# Glock 26 offer



## Dan (Feb 11, 2008)

I have a Glock 26 with 3 mags 2 long 1 short, extended slide release, all the accessories, and paperwork from the factory, and 2 boxes of ammo. I had an offer of 400 bucks from a guy at work. Take it, or leave it? I don't use it much, but I like the idea of having it.. Opinions??? Dan


----------



## Dan (Feb 11, 2008)

Forgot to add... I could use the cash, but I don't have to have it.. Dan


----------



## rvl8 (Jun 4, 2008)

I'd personally push for 450... or keep it. its my favorite glock personally.


----------



## unpecador (May 9, 2008)

Finish off the ammo with it and then sell it for $400 :smt023, if you really wanted to keep it then you wouldn't be considering selling it.


----------



## Dan (Feb 11, 2008)

unpecador said:


> Finish off the ammo with it and then sell it for $400 :smt023, if you really wanted to keep it then you wouldn't be considering selling it.
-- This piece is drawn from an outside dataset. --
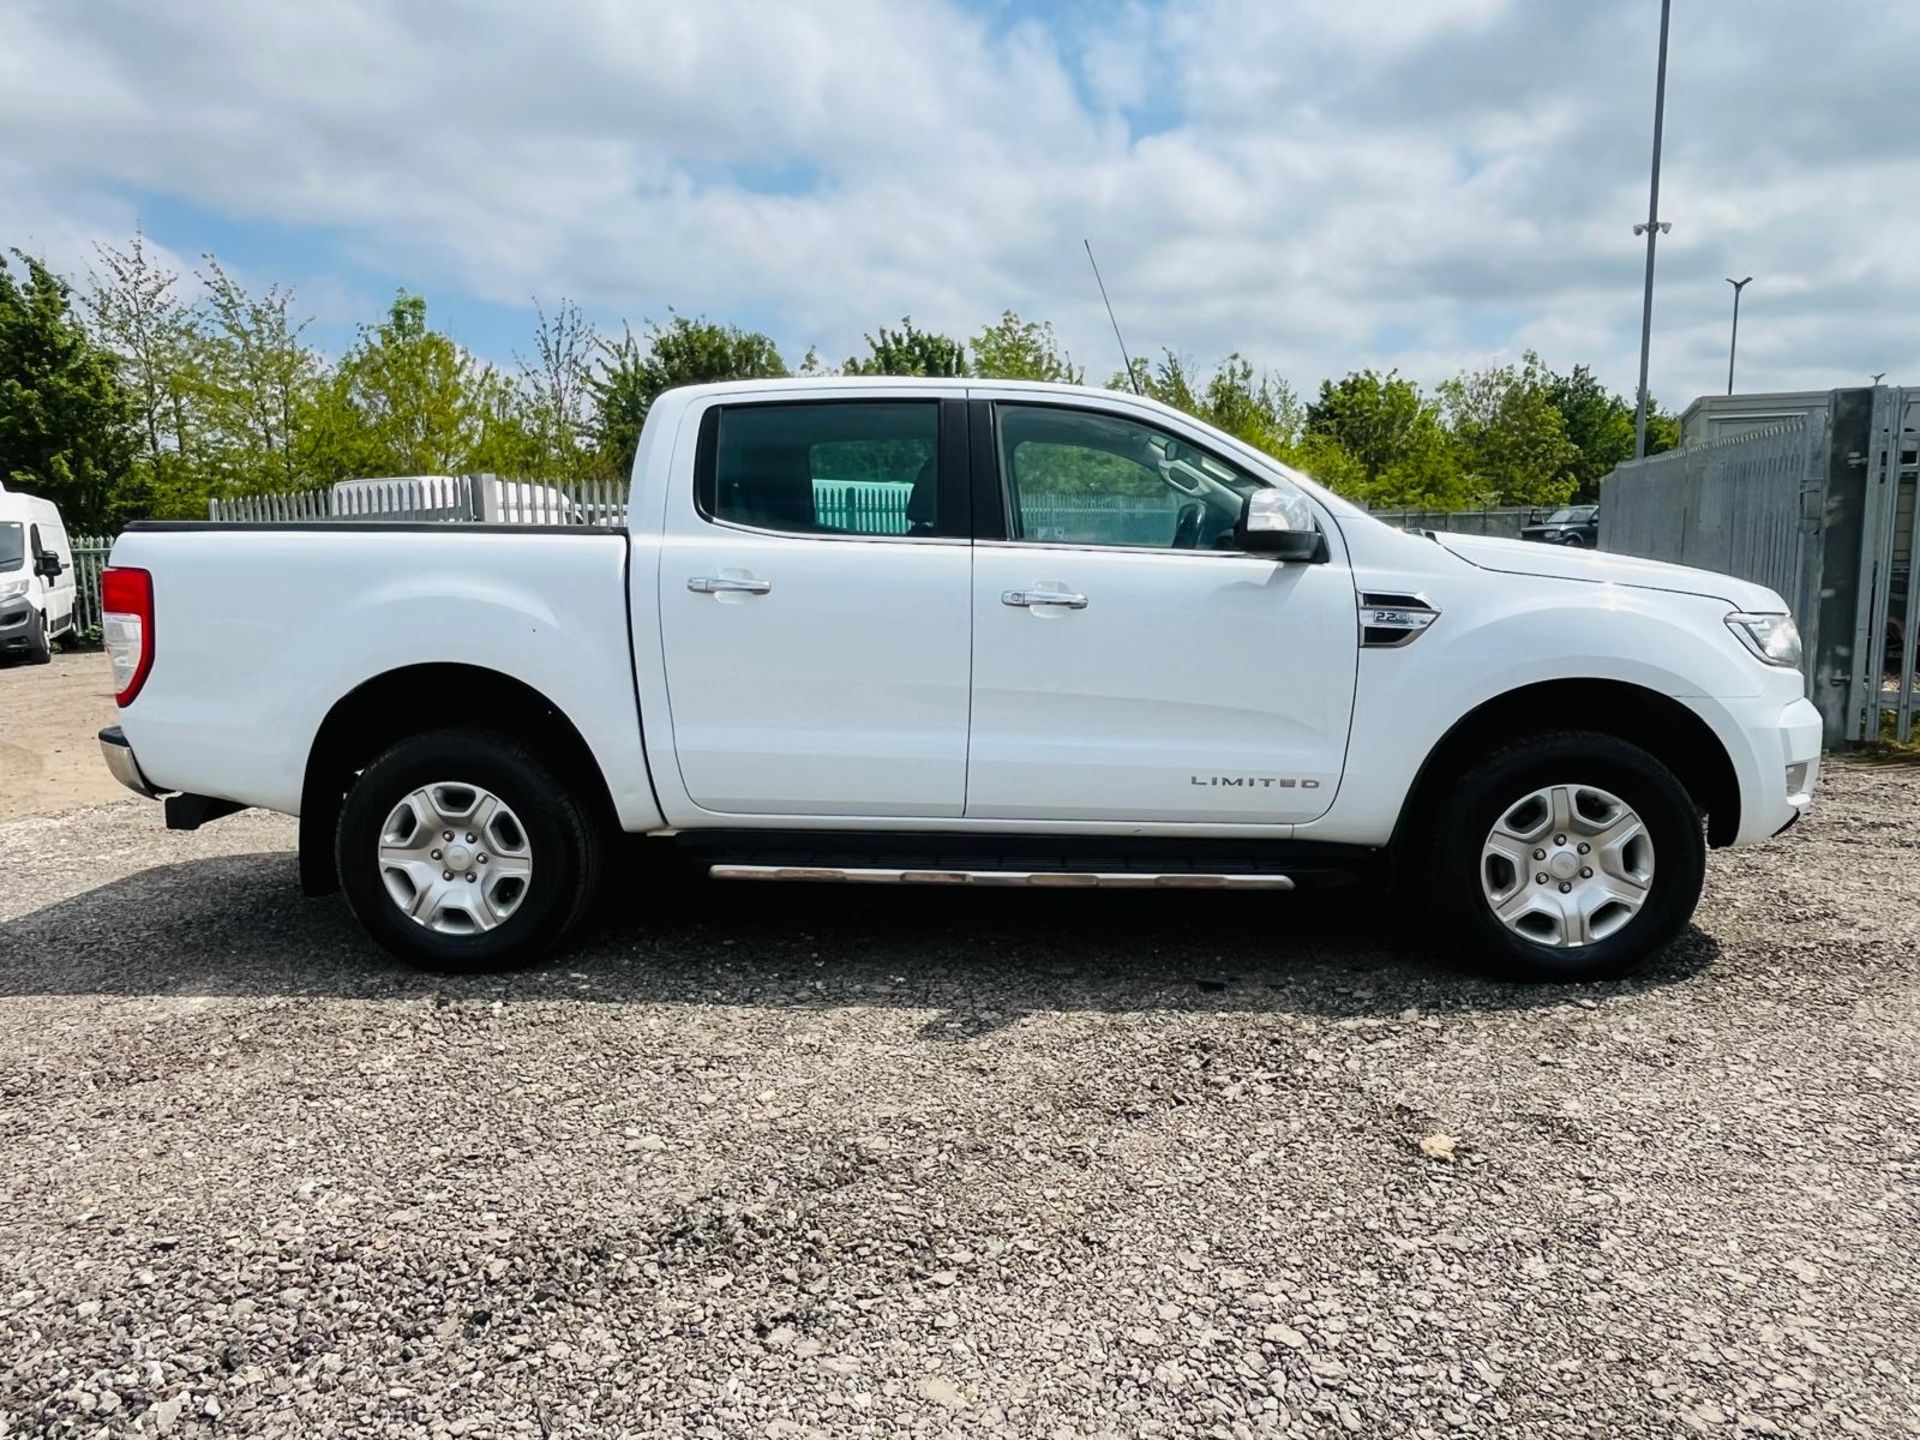 ** ON SALE ** Ford Ranger Limited 2.2 TDCI 4WD 2018 '18 Reg' -Automatic- ULEZ Compliant -A/C - Image 9 of 31

Very true. I want a Springfield EMP 9MM, and i'm using that as an excuse. I think I'll keep the ammo, and let the rest go for 400.


----------



## rvl8 (Jun 4, 2008)

I'd buy for 400, sheeeit.


----------



## RevDerb (Jun 4, 2008)

Dan said:


> I have a Glock 26 with 3 mags 2 long 1 short, extended slide release, all the accessories, and paperwork from the factory, and 2 boxes of ammo. I had an offer of 400 bucks from a guy at work. Take it, or leave it? I don't use it much, but I like the idea of having it.. Opinions??? Dan


I wish that I could afford to take you up on that deal! Wouldn't mind having a 2nd G26. (Don't know why; just seems like a good idea.)


----------